Habile mélange de comédie et d’action

Même si le noeud de l’action se met un peu lentement en place, une fois embarqués dans cette course folle autant dire qu’on a pas le temps de s’ennuyer. Nicolas Benamou arrive à allier comédie et action dans un espace assez restreint et sur une durée plutôt courte (les 1h30 défilent à une allure folle). Chaque acteur apporte sa touche personnelle et quel plaisir d’avoir André Dussollier, sa fraicheur et son humour font mouche dans le film avec son rôle de grand-père éternel adolescent. On oubliera pas Vincent Desagnat qui semble donc un habitué de Nicolas Benamou et qui le lui rend bien (Vincent Desagnat je t’aime) sans compter la petite apparition de Florence Foresti et Jérôme Commandeur en concessionnaire automobile sans scrupule.

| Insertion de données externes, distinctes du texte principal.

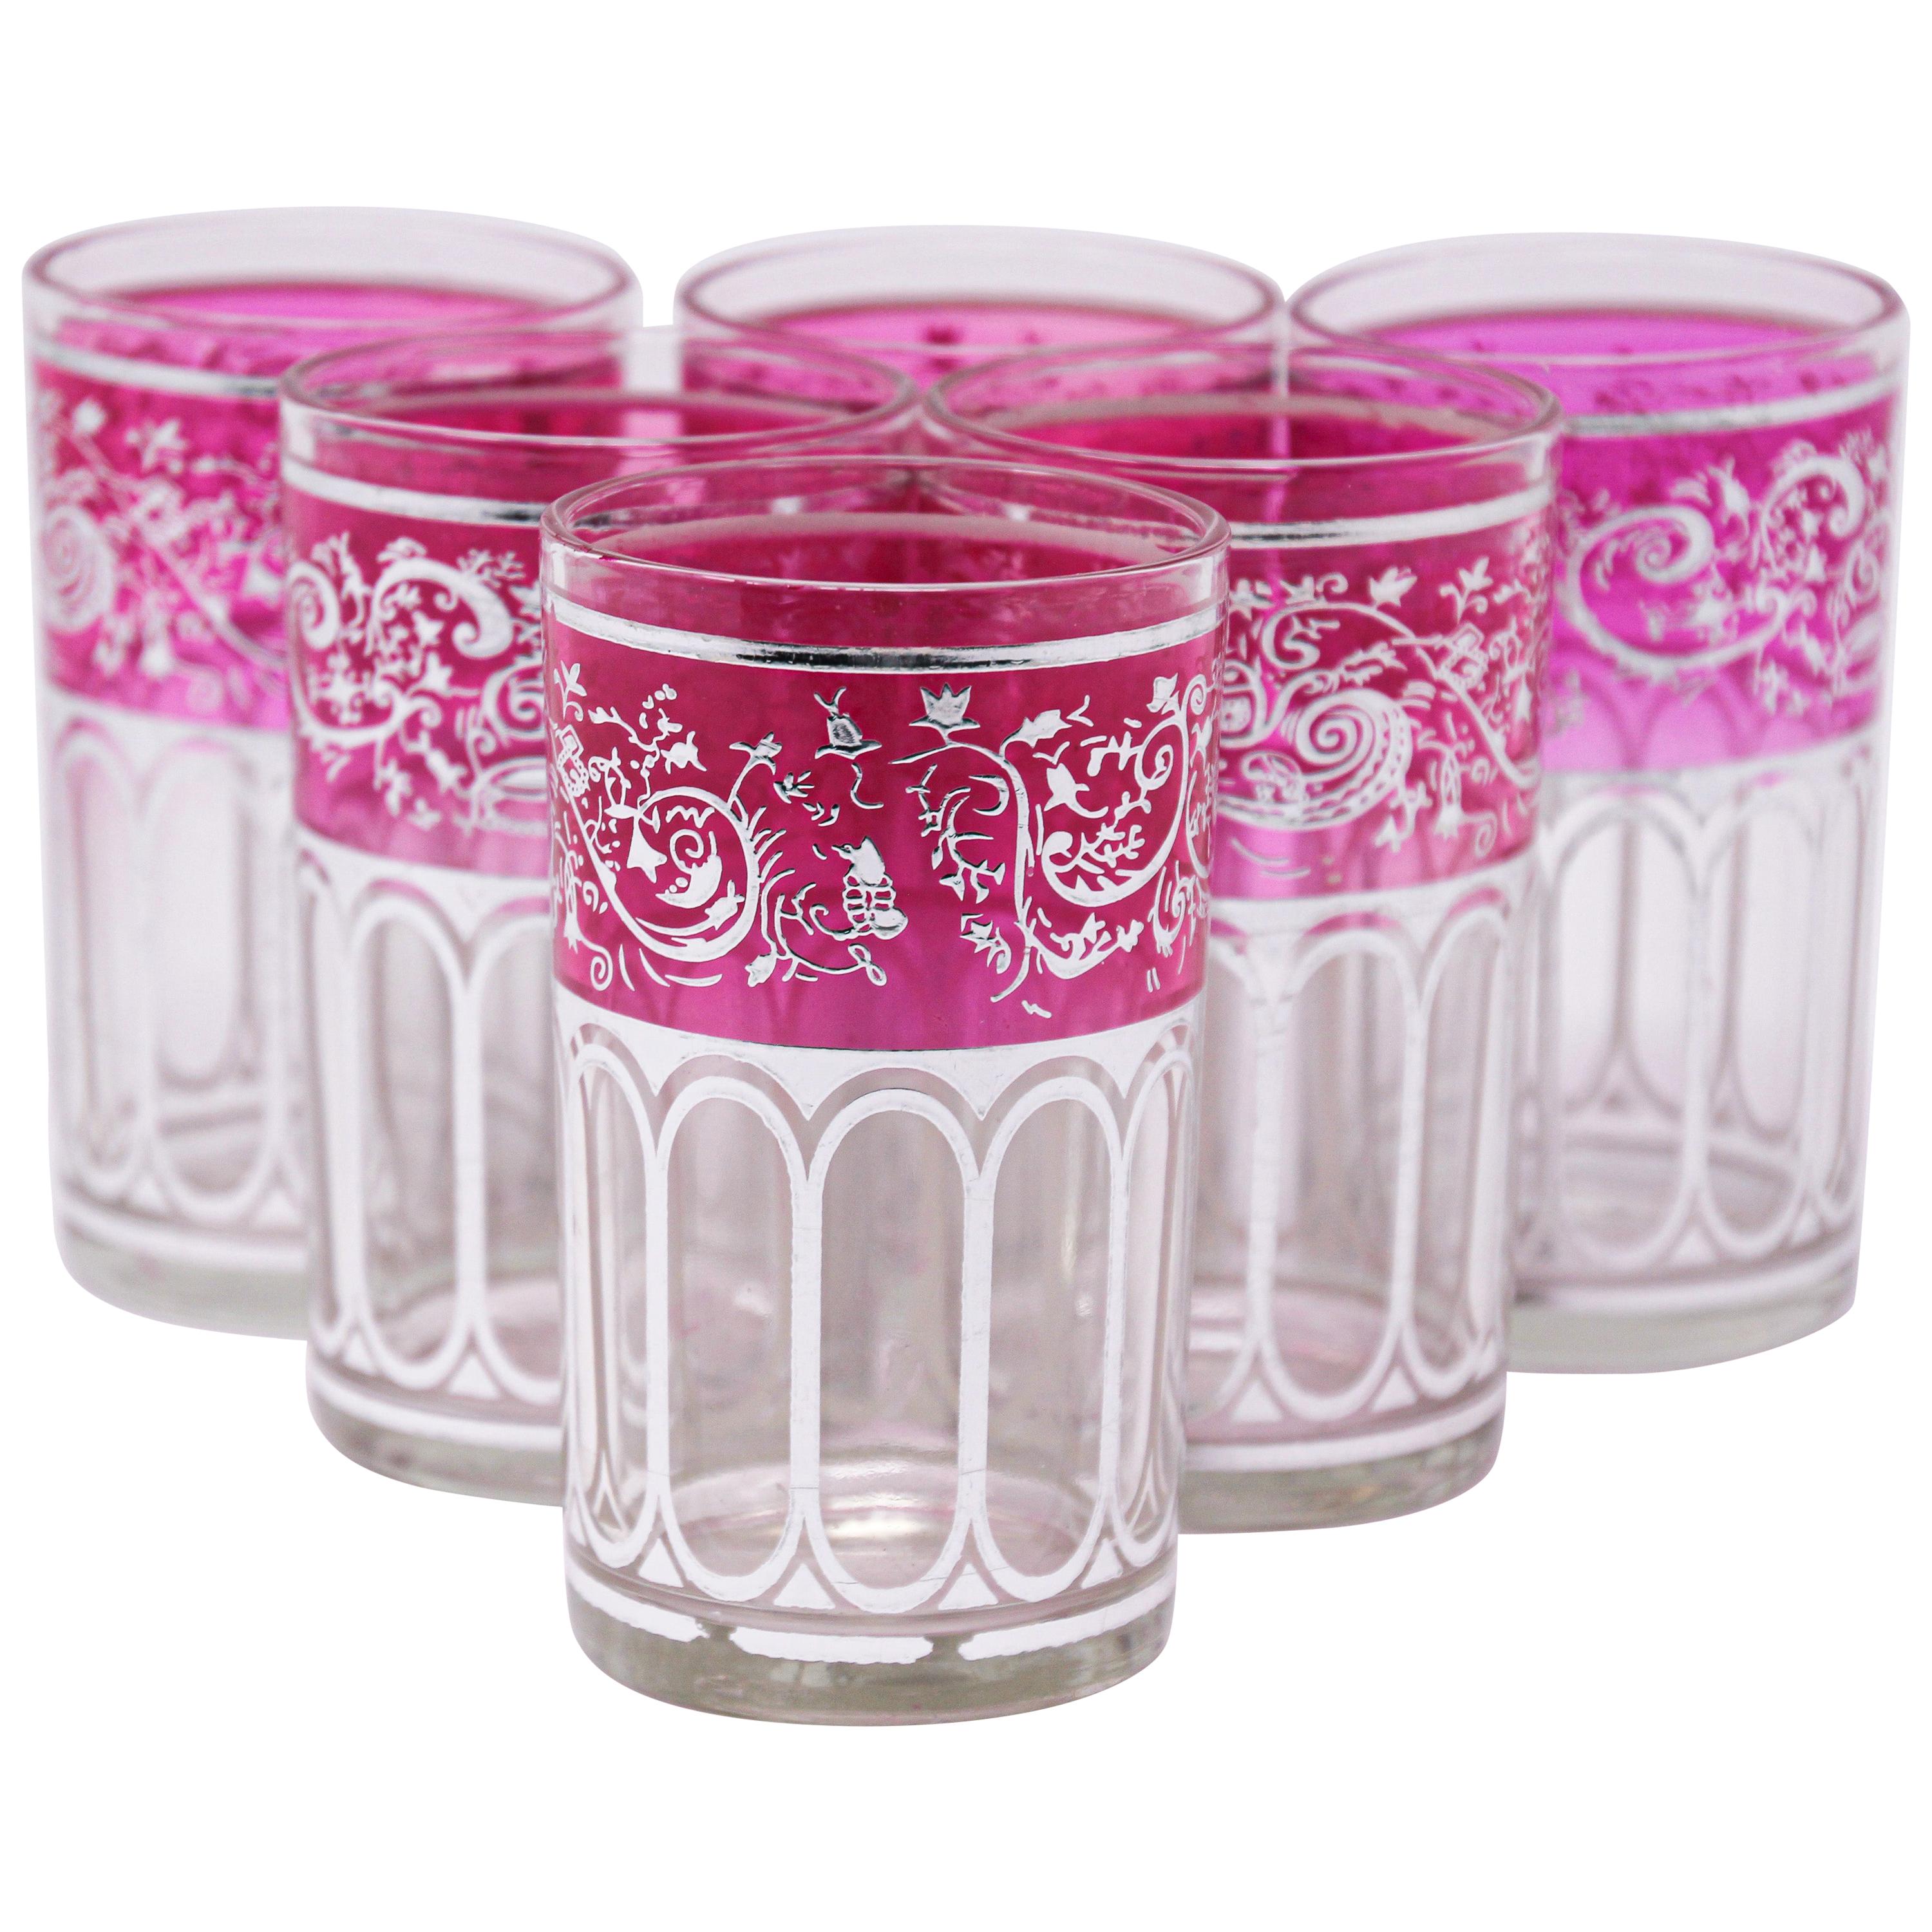 Ensemble de six verres roses avec motif mauresque en argent surélevé
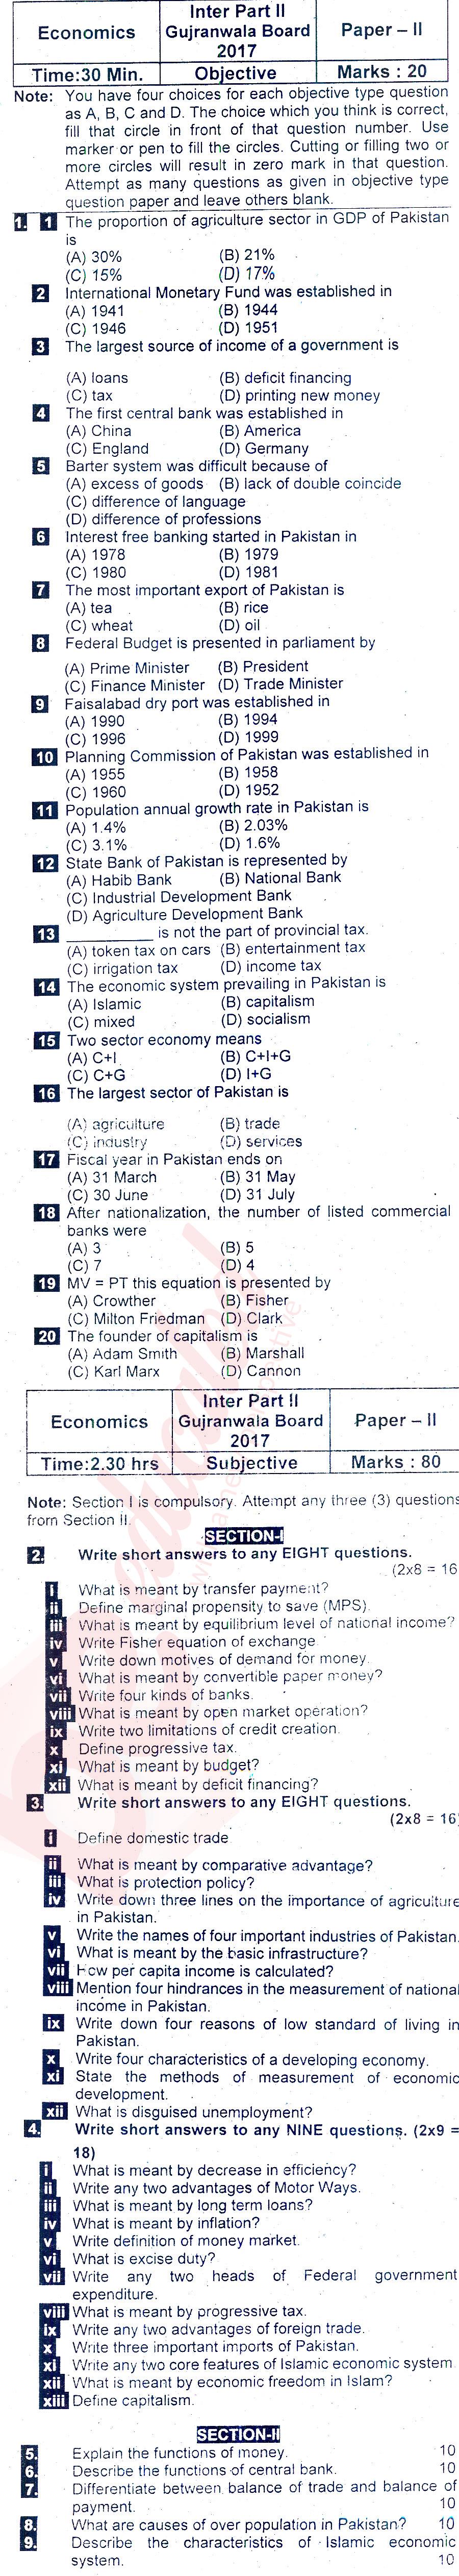 Economics FA Part 2 Past Paper Group 2 BISE Gujranwala 2017

Tout ce petit beau monde cohabite plutôt bien dans ce film et nous offre de belles scènes de rigolade avec notamment l’autre conducteur fou qui se met en tête de poursuivre Tom après qu’il ai littéralement arraché sa portière.

L’autre point fort de ce film est sans aucun doute sa mise en scène. Impossible de s’ennuyer tant cette situation aussi rocambolesque que dangereuse nous tient en haleine jusqu’à son dénouement. On aurait pu s’attendre à un certain ennui sachant que trois quarts du film se déroule dans la voiture mais au contraire, Nicolas Benamou arrive à nous surprendre, à nous faire rire et à parfois même nous émouvoir !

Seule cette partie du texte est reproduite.